→ Prompt:
All lines from the one containing "Shirtracer T-Shirt Ich" to the final line of the material should be retyped exactly. Nothing else belongs in the response.
|---|
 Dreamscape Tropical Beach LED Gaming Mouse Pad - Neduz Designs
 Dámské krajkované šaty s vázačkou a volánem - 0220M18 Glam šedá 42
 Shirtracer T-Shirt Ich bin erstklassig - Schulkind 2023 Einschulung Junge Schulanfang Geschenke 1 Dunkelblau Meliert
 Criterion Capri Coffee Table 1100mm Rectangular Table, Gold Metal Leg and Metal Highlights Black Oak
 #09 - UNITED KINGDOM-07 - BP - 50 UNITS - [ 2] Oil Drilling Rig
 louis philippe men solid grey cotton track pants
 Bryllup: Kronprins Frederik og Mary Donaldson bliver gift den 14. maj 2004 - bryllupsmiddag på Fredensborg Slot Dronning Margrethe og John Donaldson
|---|
→ Answer space:
 Shirtracer T-Shirt Ich bin erstklassig - Schulkind 2023 Einschulung Junge Schulanfang Geschenke 1 Dunkelblau Meliert
 Criterion Capri Coffee Table 1100mm Rectangular Table, Gold Metal Leg and Metal Highlights Black Oak
 #09 - UNITED KINGDOM-07 - BP - 50 UNITS - [ 2] Oil Drilling Rig
 louis philippe men solid grey cotton track pants
 Bryllup: Kronprins Frederik og Mary Donaldson bliver gift den 14. maj 2004 - bryllupsmiddag på Fredensborg Slot Dronning Margrethe og John Donaldson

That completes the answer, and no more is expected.